🤖 AI Summary
This work addresses the challenge of performance evaluation in extremely large-scale fluid antenna systems (E-FAS) under imperfect channel state information by developing a pilot-based end-to-end equivalent channel estimation framework. Integrating MMSE estimation with zero-forcing precoding, the study systematically analyzes the impact of channel estimation errors in both single-user and multiuser scenarios. It reveals, for the first time, the SNR saturation phenomenon in single-user settings and the interference-limited nature of multiuser E-FAS at high SNR. The authors derive closed-form statistical characterizations of MMSE estimation error and quantify the trade-off between training overhead and spatial multiplexing gain. Simulations demonstrate that, despite channel estimation errors and training costs, E-FAS significantly outperforms conventional systems owing to its enhanced large-scale channel gain, exhibiting remarkable robustness and performance superiority.
📝 Abstract
Enormous fluid antenna systems (E-FAS) have recently emerged as a new wireless architecture in which intelligent metasurfaces act as guided electromagnetic interfaces, enabling surface-wave (SW) propagation with much lower attenuation and more control than conventional space-wave transmission.
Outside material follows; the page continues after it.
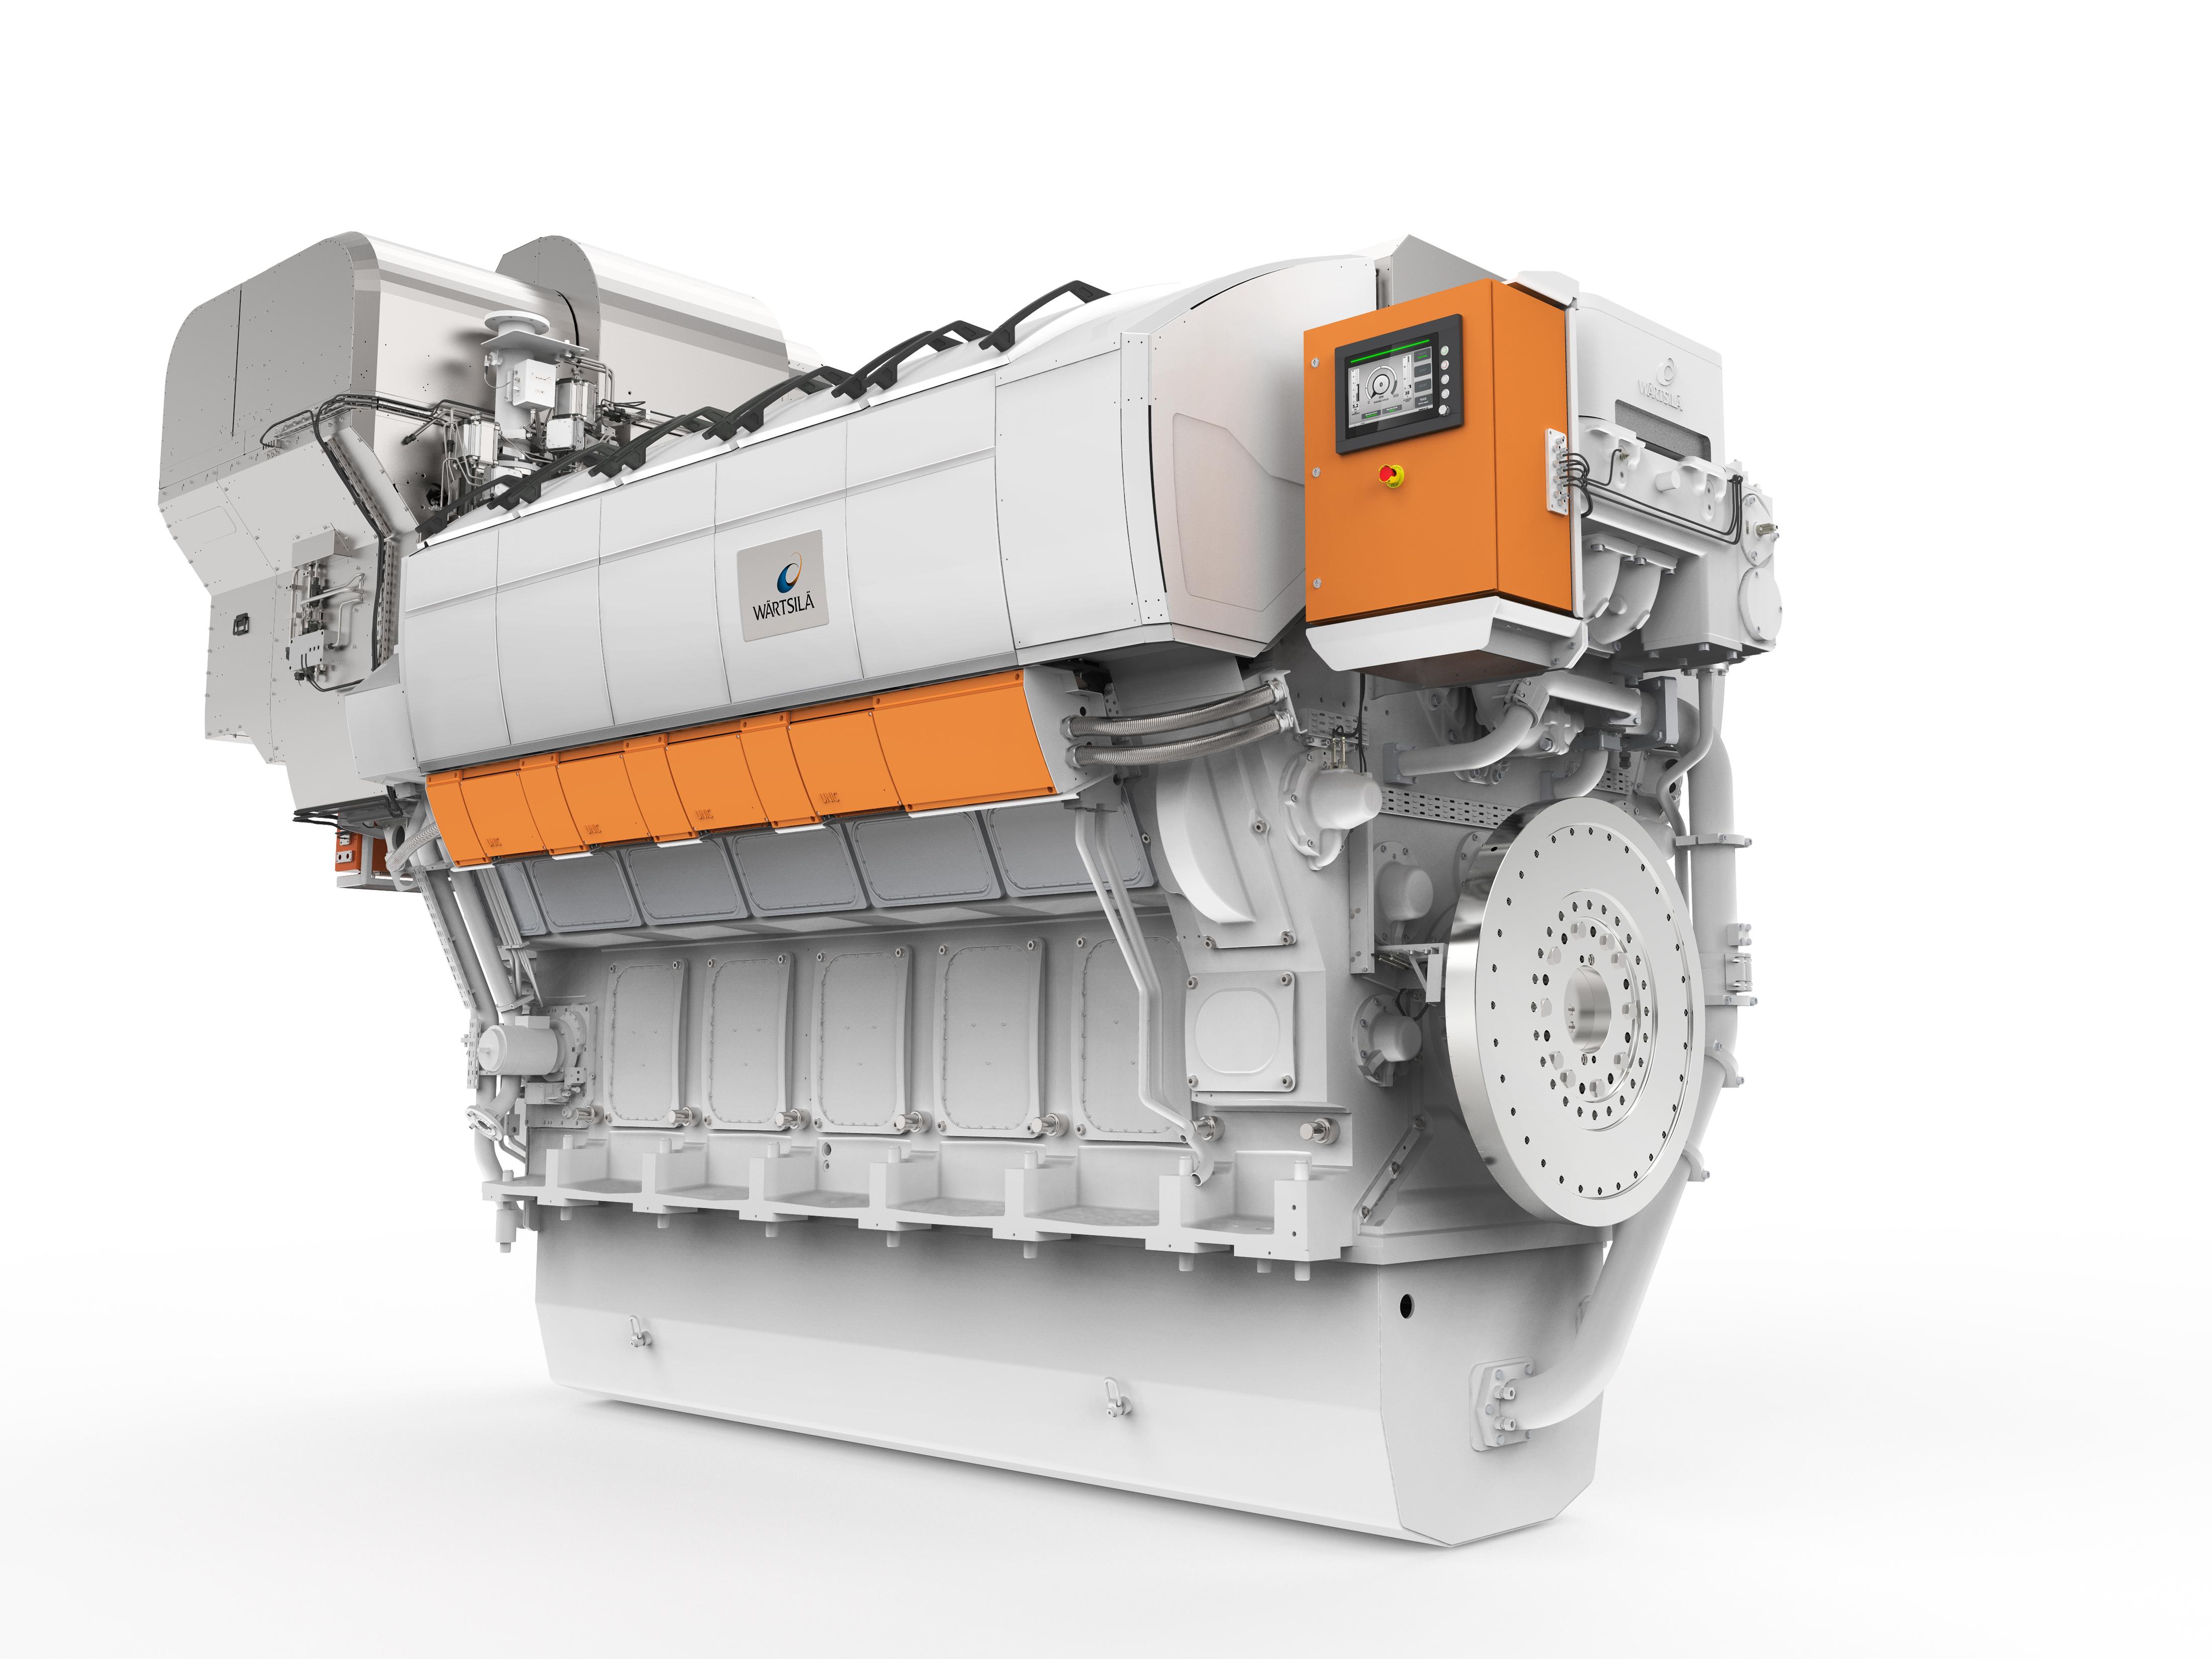 Двигатель семейства <i>Wärtsilä 31</i>.

While prior work has reported substantial power gains under perfect channel state information (CSI), the impact of practical channel acquisition on E-FAS performance remains largely unexplored. This paper presents the first comprehensive analysis of E-FAS-assisted downlink transmission under pilot-based channel estimation. We develop an estimation framework for the equivalent end-to-end channel and derive closed-form expressions for the statistics of the minimum mean-square-error (MMSE) channel estimate and its estimation error. Building on these results, we analyze both single-user and multiuser operation while explicitly accounting for the training overhead. For the single-user case, we characterize the outage probability and achievable rate with imperfect CSI, and reveal an inherent signal-to-noise ratio (SNR) saturation phenomenon caused by residual self-interference. For the multiuser case, we study zero-forcing (ZF) precoding based on imperfect channel estimates and show that the system becomes interference-limited in the high SNR regime because of residual inter-user interference. Furthermore, we quantify the trade-off between spatial multiplexing gains and pilot overhead when the number of users increases. Analytical findings are validated via Monte Carlo simulations and benchmarked against least-squares (LS) estimation and conventional non-E-FAS transmission. The results reveal that despite CSI imperfections and training costs, E-FAS retains substantial performance advantages and provides robustness enabled by its amplified large-scale channel gain.